Earlier this week, Zadie Smith shared the story of how she explained the difference between men and women’s beauty routines to her young daughter.
“I explained it her in these terms,” she said at the Edinburgh Book Festival. “You are wasting your time, your brother doesn’t worry about any of this. Every day of his life he will put a shirt on, he’s out the door, and he doesn’t give a shit if you waste an hour and a half doing your makeup.”
“It was infuriating to me,” Smith continued. “I decided to spontaneously decide on a principle: that if it takes longer than 15 minutes, don’t do it. From what I can understand from this contouring business, that’s like an hour and a half and that is too long.”
Which, like, fair. The author elaborated that her revelation came after noticing her seven-year-old had begun to take an active interest in the mirror, so she laid out her rule in terms of practicality.

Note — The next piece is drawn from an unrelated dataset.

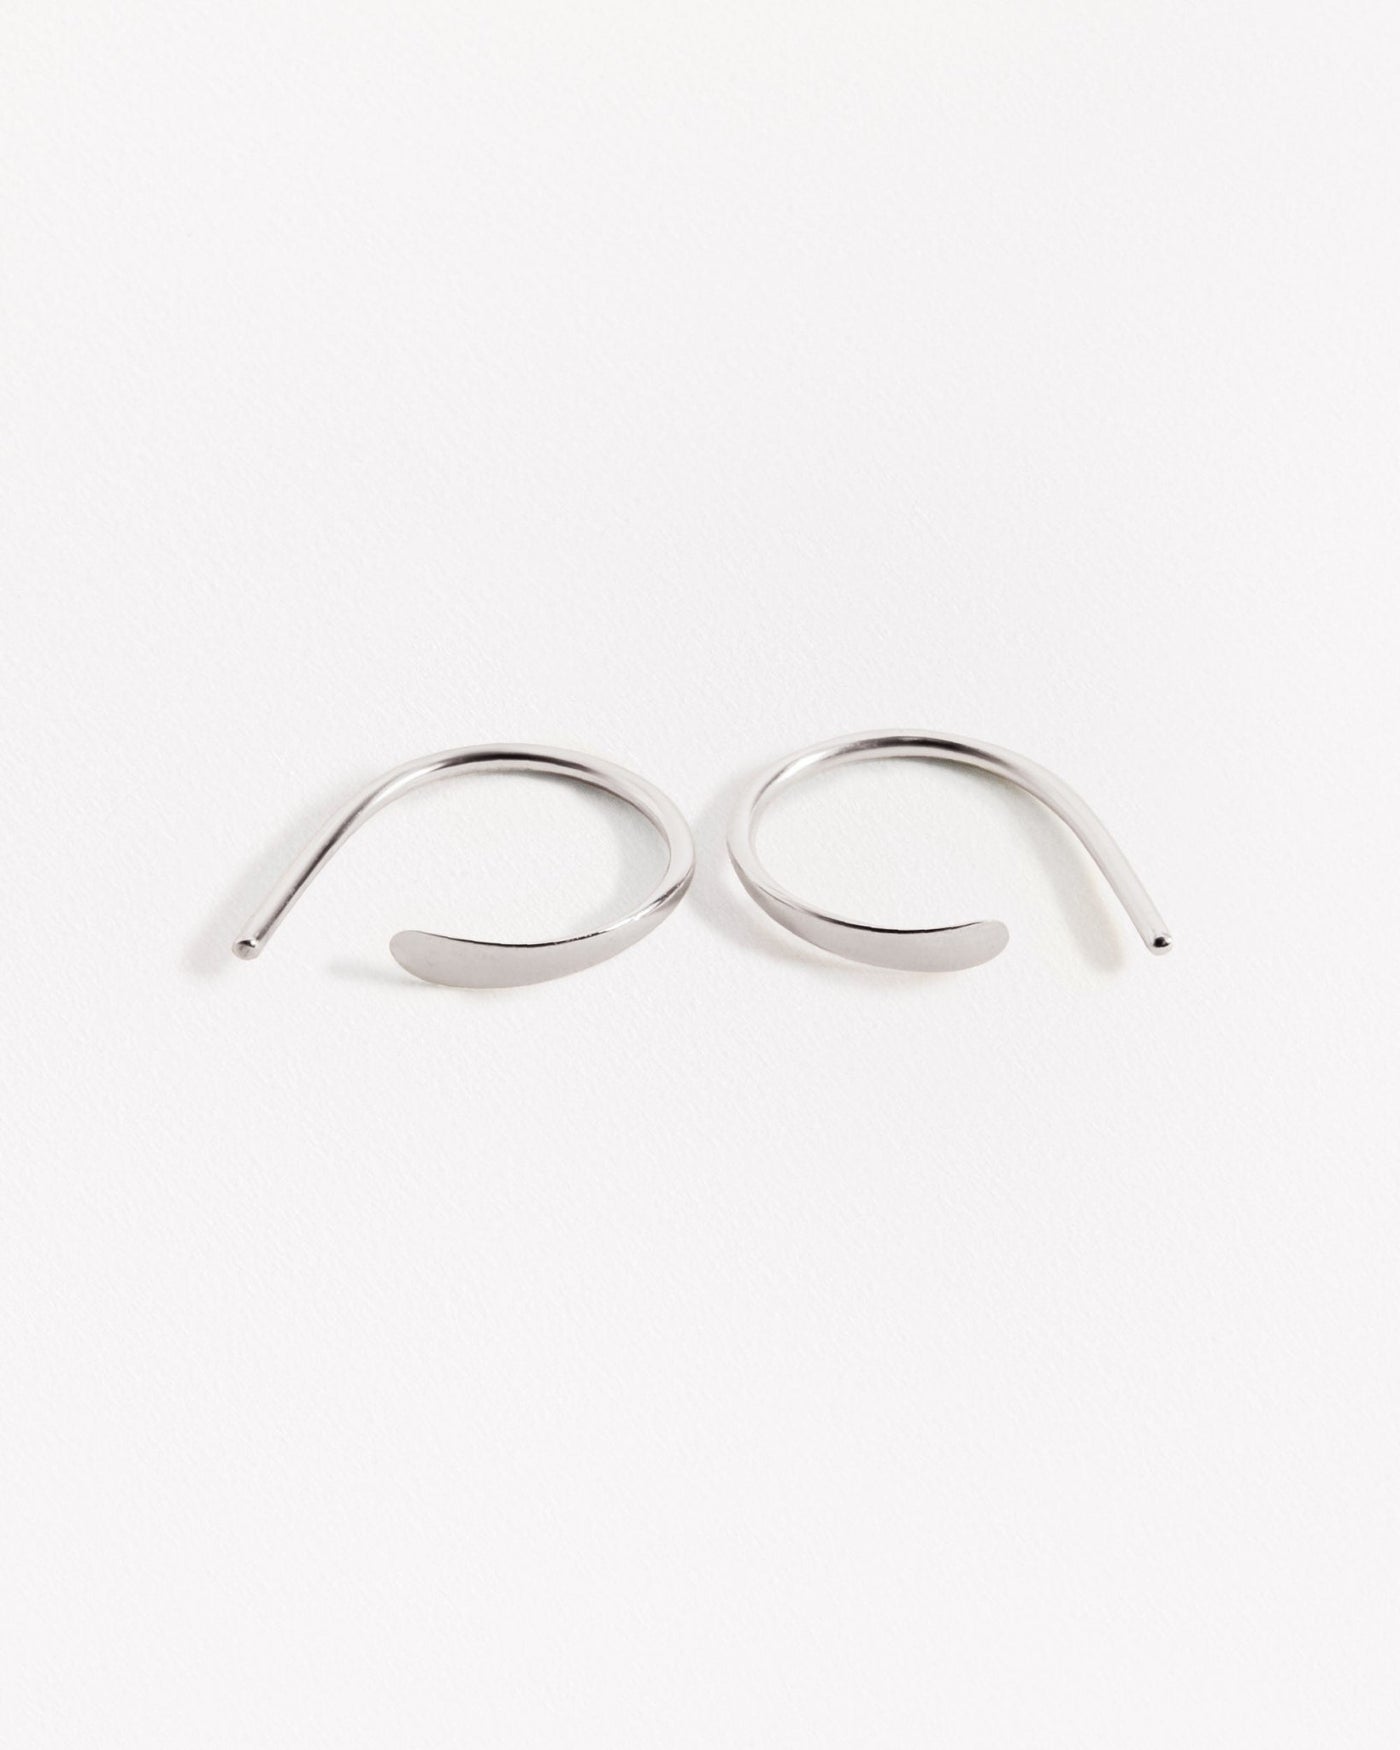 Noe Hoop Earrings - 925 Sterling SilverBackUpItemsBest Friend GiftLunai Jewelry

At some point, she also allegedly mentioned the girls are “fools” to waste time on beauty. And as a result, a lot of people were not impressed.
But the thing about Smith’s comments is that they’re rooted in her own belief system. She’s also right about most men not caring about their skincare routine or what foundation to use. Some of us (hi) were only allowed to wear clear lip gloss and nail polish until eighth grade, and I can’t imagine trying to explain to my late grandmother why contouring was something I felt I needed to do without being lectured on how wrong I was. Plus, Zadie Smith is free to parent however she likes. And while I’m not here for makeup-shaming (or any shaming), there’s also an argument to be made about the way she’s teaching her daughter about the reclamation of time and energy.
Ultimately, there’s no right or wrong way to apply or wear makeup. If you want to contour daily, go for it, and know that I’m jealous you even know how. But when Smith explains that she uses the concept of saving time to instill values in her daughter, it’s important to note that there’s something valuable in that. If you’re brought up to acknowledge beauty and makeup in a realistic and practical way, you’ll develop a healthier relationship to it and introduce your own takes, products, and approaches on your own schedule. This means that instead of Smith’s daughter believing she “needs” to use makeup, she’ll choose experiment with it because she wants to. Or not. It’s her call.
Introducing systemic norms to a child isn’t easy. (Hell, it’s hard introducing them to an adult). So as grown women, we know how easy it is to fall into the trap of believing we “should” look a certain way or “should” use products we’re told we need. Smith didn’t need to call women who take time with their makeup foolish, but by introducing beauty norms to her daughter in a simple way that hinged on saving time, she created enough space for her daughter to develop her own relationship with makeup and beauty the older she gets. Because if I know anything about being a former teenager, it’s that they’re going to do what they want, regardless of what their mom says.